Единственный камень преткновения для сотрудников больницы «Чаринг-Кросс», и то лишь для тех, кто имеет дело с психиатрическим отделением, – служба скорой психиатрической помощи. Не показать, чтобы эта служба – без которой нельзя и помыслить жизнь в районе, где постоянных жителей существенно больше, чем временных, – пришла в упадок или пала жертвой серьезного сокращения бюджета, как это случилось с амбулаторным ортопедическим отделением, клиникой по лечению бесплодия и самочьей консультацией. Ее скорее изгнали, отхаркали, изблевали, выбросили вон из здания на одну из подсобных парковок, и с тех пор она ютится в невзрачном сооружении, установленном на подпорки из шлакоцементных кирпичей (все – разного размера) и ни капли не похожем на гордый, футуристический монолит больницы. Короче, это просто передвижной домик, времянка, «караван».

Однако «караван» – пограничная застава психиатрического отделения, а до него всегда кому-то есть дело. Слишком хорошо идет торговля на рынке душ, чтобы оставить его в покое. На пятом этаже главного здания больницы находятся два отделения – имени Лоуэлла для временных пациентов и имени Гафа для «постоянных», общение с которыми прочим шимпанзе противопоказано. Между этими двумя отделениями идет активный пациентообмен, чье направление зависит от степени буйности содержащихся в них обезьян. Администраторы, можно показать, все время играют в этакие психиатрические шашки, их лапы постоянно меняют положение на доске, перемещая то какого-нибудь пациента с МДП из «скорой» в Лоуэлл, то какого-нибудь самоубийцу из Лоуэлла в Гаф, то какого-нибудь законченного психопата из Гафа обратно в «скорую», откуда его заберут в специализированную лечебницу.

Персонал психиатрического отделения, под водительством великого и ужасного Кевина Уотли, доктора медицины, члена Королевского общества психиатров, давно привык к вечному движению как к основе своей деятельности, к тому, что постоянно приходится тащить этого психа сюда, а того психа туда. Привык настолько, что породил целую серию профессиональных шуток насчет сотрудников отделения скорой помощи и незавидного географического положения их штаб-квартиры. «Ну, я пошел в Гулаг», – машут лапами сотрудники коллегам, расписываясь в получении смирительной рубашки, галоперидола или ларгактила.[59]59
  Ларгактил – лекарство, как и галоперидол, относится к классу больших транквилизаторов (нейролептиков).


[Закрыть]
«Вам с китобазы ничего не нужно?» – спрашивают они же, покидая «караван», что неизменно вызывает внутри, благодаря разномастным кирпичам, нечто вроде землетрясения.

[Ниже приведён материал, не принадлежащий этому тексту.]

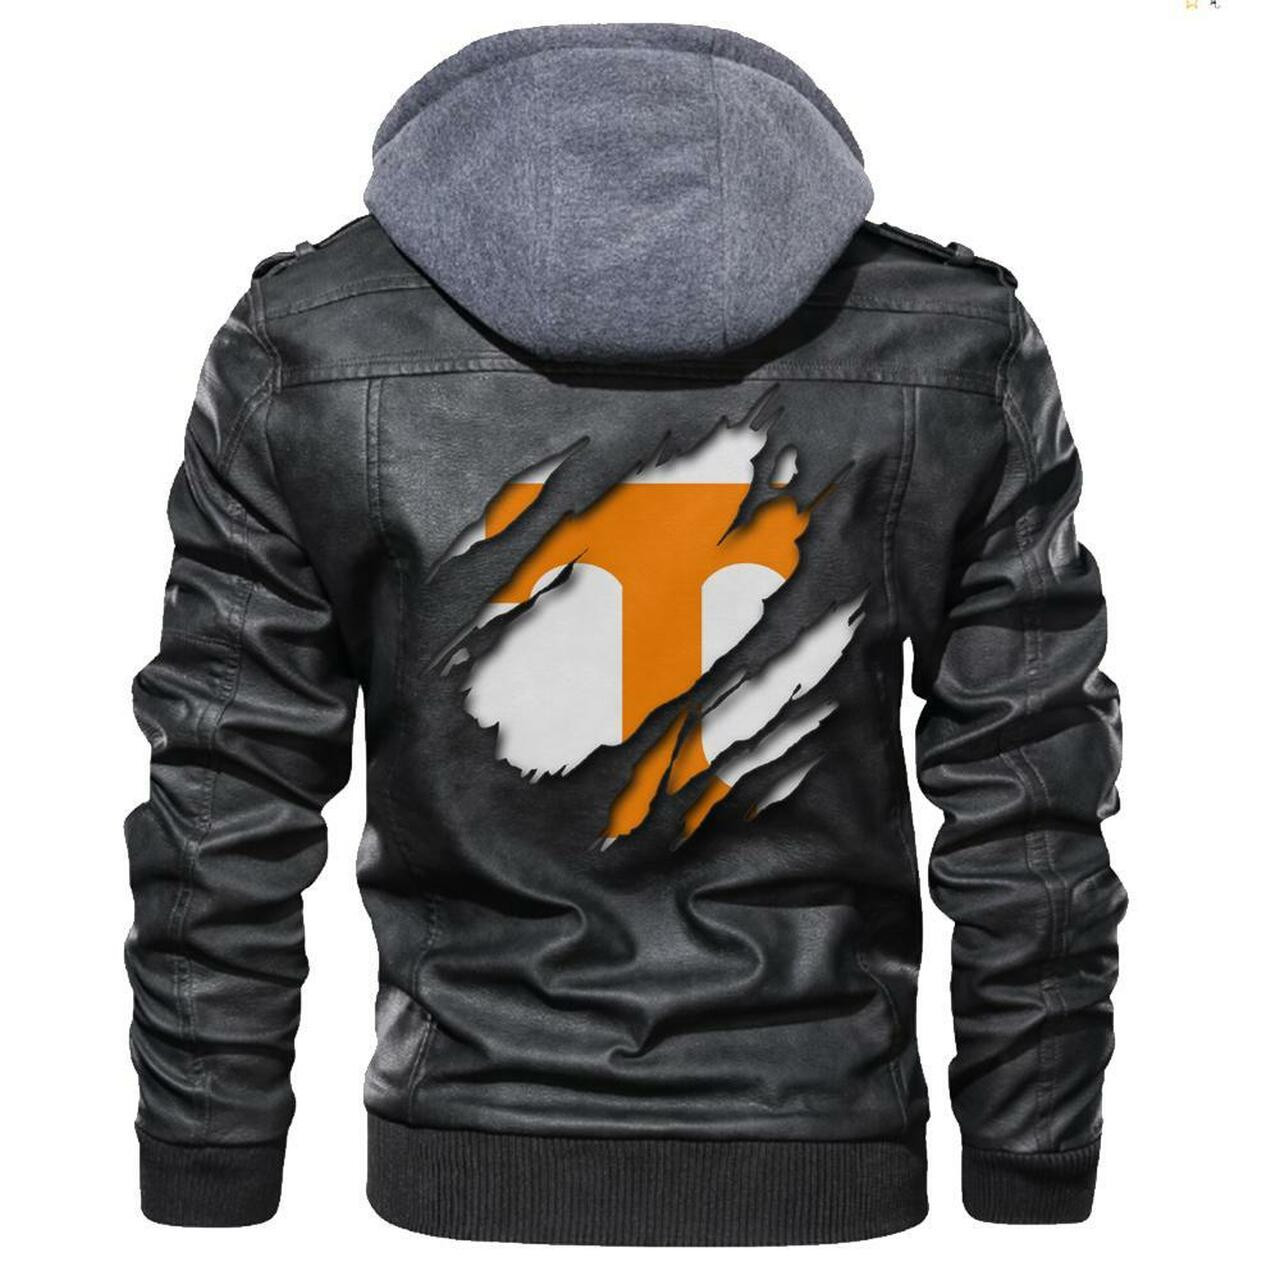 This leather Jacket will look great on you and make you stand out from the crowd 101

Персонал привык и к мириадам разного рода заранее обреченных на неудачу врачебных действий, которые ежедневно приходится совершать, а также к действиям по исправлению этих неудачных действий, которые опять-таки заранее обречены на неудачу по причине недостаточного финансирования. Так, пациентов, в чьей истории болезни значится что-нибудь совершенно безобидное вроде легкой клаустрофобии, с регулярностью, достойной лучшего применения, помещают в крошечные палаты с шимпанзе, которые страдают манией величия и считают себя гордыми инопланетянами-воителями, не знающими жалости к пленникам. И наоборот, шимпанзе, которых заперли в Гафе за совершенно непечатные действия в отношении ряда видов домашней птицы, регулярно обнаруживают в Лоуэлле, где они разгуливают совершенно свободно и самое большее, что может помешать им окончательно покинуть отделение, – это пара неврастеников, играющих в пьяницу.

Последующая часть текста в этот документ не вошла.